Tuesday, 22 January 2013

Those who hate me without reason outnumber the hairs of my head; many are my enemies without cause, those who seek to destroy me. I am forced to restore what I did not steal. – Psalm 69:4


Today’s Scripture Reading (January 22, 2013): Psalm 69

Often our cries to God imply that we are innocent. It is the “Woe is me, have I not ...” kind of response we have when we are in trouble. As I talk to people, I have to admit that often my reaction to their cries is sometimes not filled with empathy. When they ask why this is happening, it is sometimes too easy as an outsider to sit in judgment and wonder how it is that they do not know. Do they not see the cause, in their own lives, of their struggle? But maybe we as a people are not self aware enough to understand the cause for what it is that we are struggling through. It is easy to see it in the lives of someone else, but not quite as easy to see it if it is in our own lives.

David cries out to God. In this case his enemies may be many, but the leader of his enemies is very intimately known by David. His enemy is his son – Absalom. And the reasons for David’s struggle is clearly present in his relationship with his own family. In the experience that David had with Bathsheba, the very fabric of David’s family was torn. It was a cause that had snowballed. David’s Son Amnon raped his sister, Tamar. Absalom, filled with hate because of the rape, killed his brother Amnon. David had felt that the only reaction that he could have was to send Absalom, his son, into exile. And although he did allow Absalom to return to Jerusalem, for two years David still refused contact with his son. So the snowball kept on getting bigger until finally Absalom decided to rebel against his dad – to gather the enemies of dad together and begin the process of trying to take the throne. But the seed of all of the pain that David was feeling now existed in the sins of his own past.

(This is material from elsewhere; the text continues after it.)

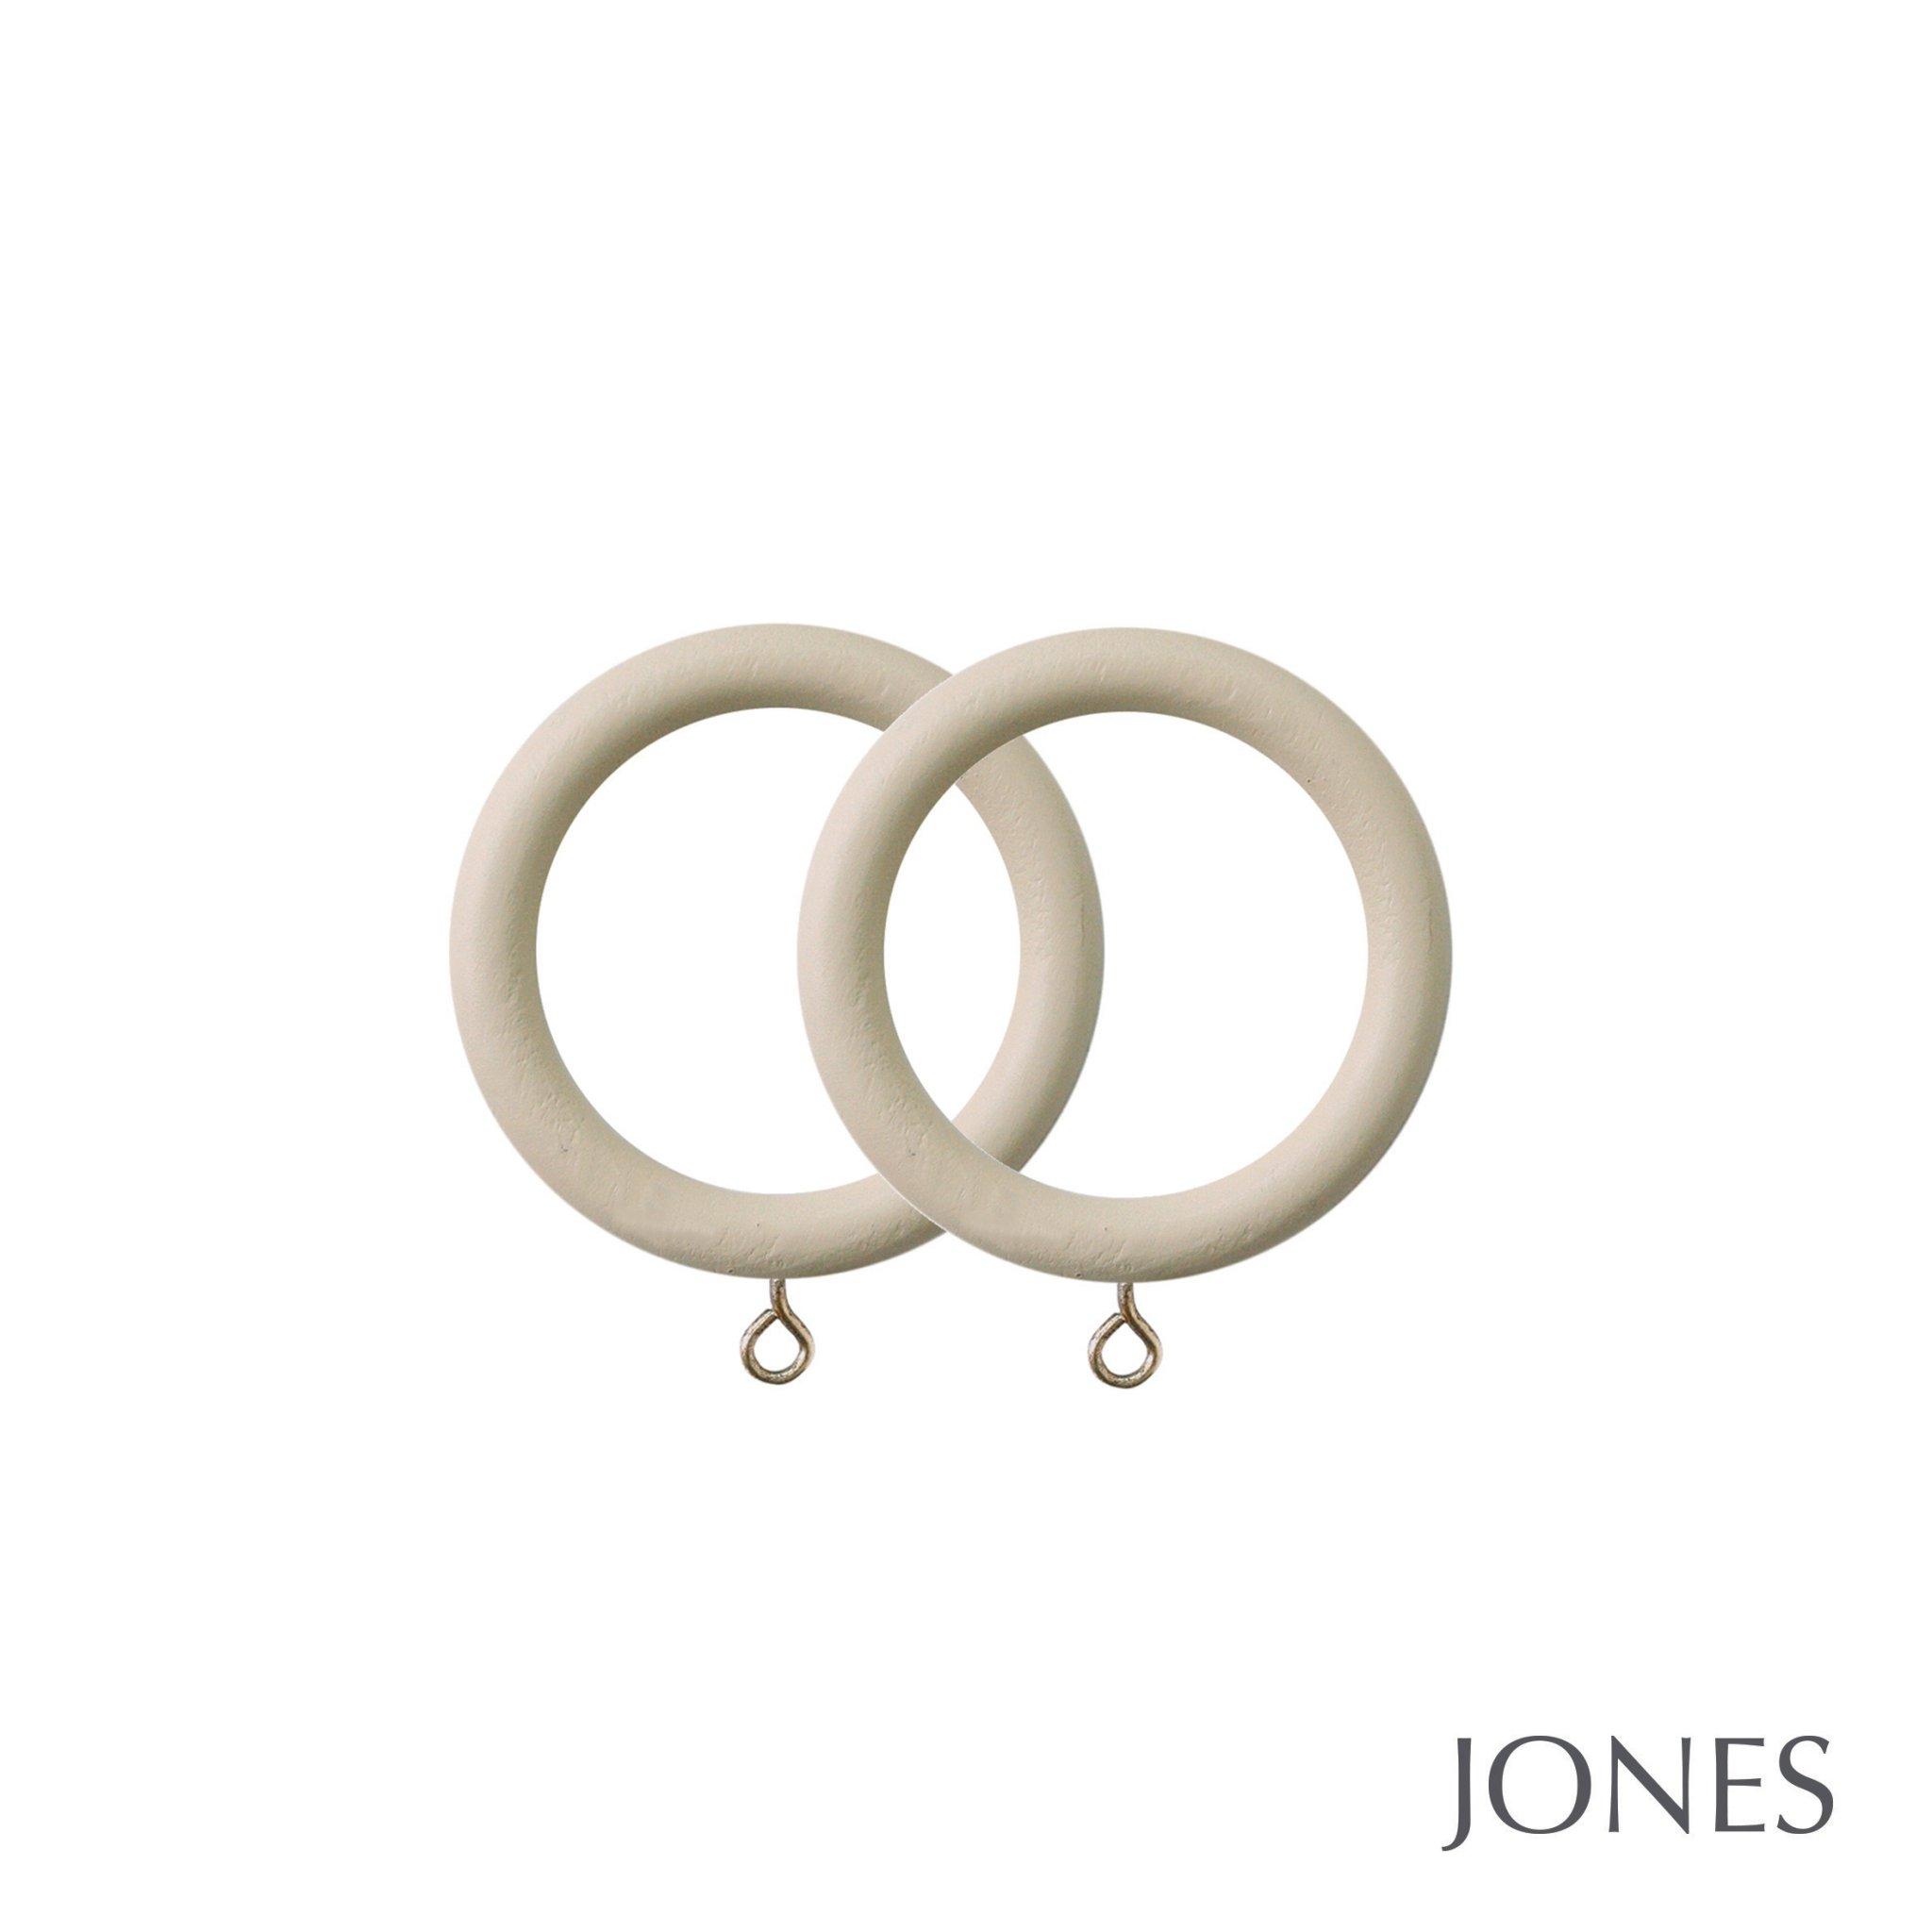 Jones Seychelles Handcrafted 40mm Curtain Rings

And so as David cries out to God his lack of understanding, he himself seems to be blind to the seeds of his own actions in the rebellion that he now has to quell. And he seems to forget the prophecy of Nathan that it is because of his own sin the sword would not depart from his family.

In the Protestant Church we do not like the idea of confession, but one of the elements of true confession is that we allow someone else have eyes on our life – and in that process we get a chance to see the things that we are blind to – the areas of our lives and the sins where we are not self aware. It is something that we all need, because on some level we all lack a level of self awareness.